I was originally planning to stop for lunch at the International Peace Garden, which straddles the US-Canadian border next to the port of entry. Based on photos, I thought it would be more interesting than one of the non-descript border crossings. But by the time I got there, I was well over an hour behind schedule, and I didn’t feel like shelling out $20 for what would be a very quick loop through the greenery. I lined up behind other vehicles waiting at the border, answered the usual questions about weapons, tobacco and alcohol products, and pepper spray, and rode into the Great White North.
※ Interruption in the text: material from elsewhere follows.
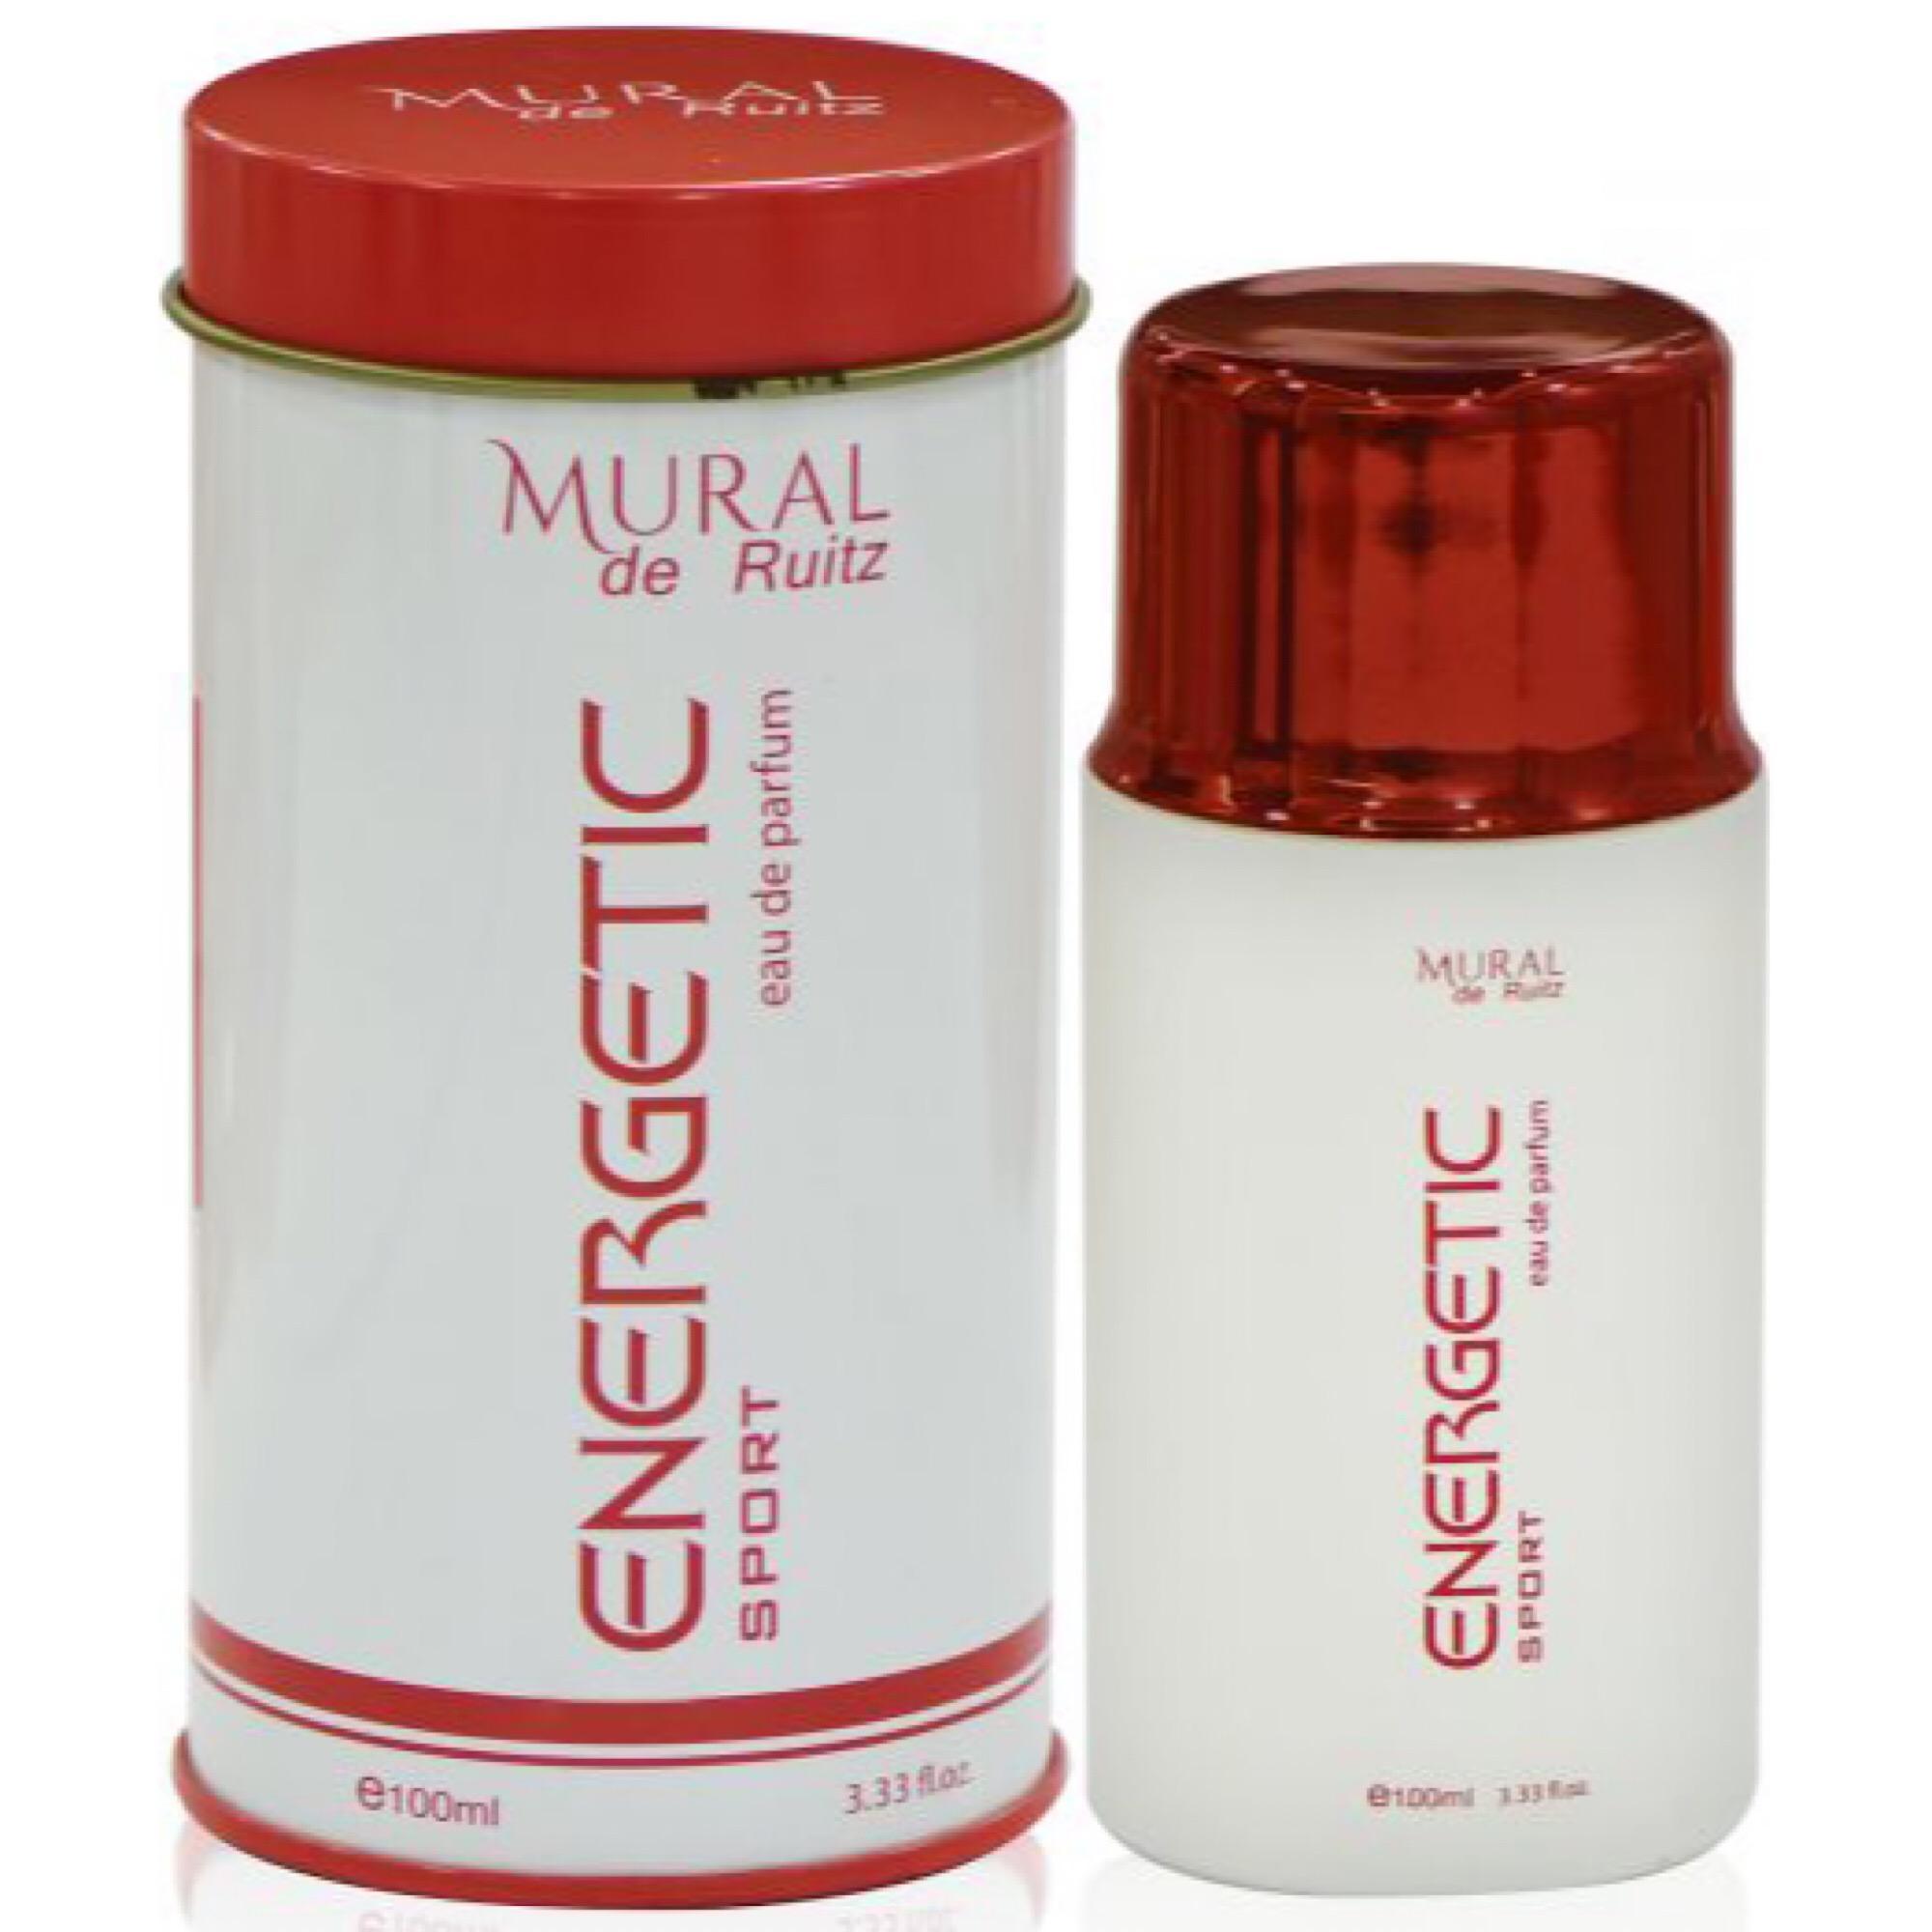 467a1ce8859 Buy mural Men s Fragrances at Best Prices Online in Pakistan - daraz.pk

The secondary roads were in very bad shape, and I felt like I was going through a slalom course trying to avoid some huge potholes and crevices. I started to get worried about my fuel level after not seeing a gas station in the hour since I crossed the border. The distance from my last fill-up to the hotel was going to be about 240 miles, and that’s what my range usually shows with a full tank. This was a rural and remote area with nothing but vast prairies and farmland. My GPS listed two gas stations coming up soon in Reston, but they ended up being cardlock controlled and unstaffed. I had 55 miles of indicated range with another set of gas stations listed 28 miles ahead in Redvers, which looked more promising than Reston’s offerings. The good news: The first gas station in town was a traditional staffed one and accepted credit cards. The bad news: It had a tricky gravel parking lot. But no issues with the gravel, and I got back on the road for the final push into Carlyle.
The hotel's fitness center did have some rather interesting furniture.
Daily portrait challenge: Cold war chills in an old missile control bunker.
As I expected, it was a long day, but I got to see some interesting things and the temperature was in my comfort zone. Tomorrow, another short day and some quality time with the Royal Canadian Mounted Police.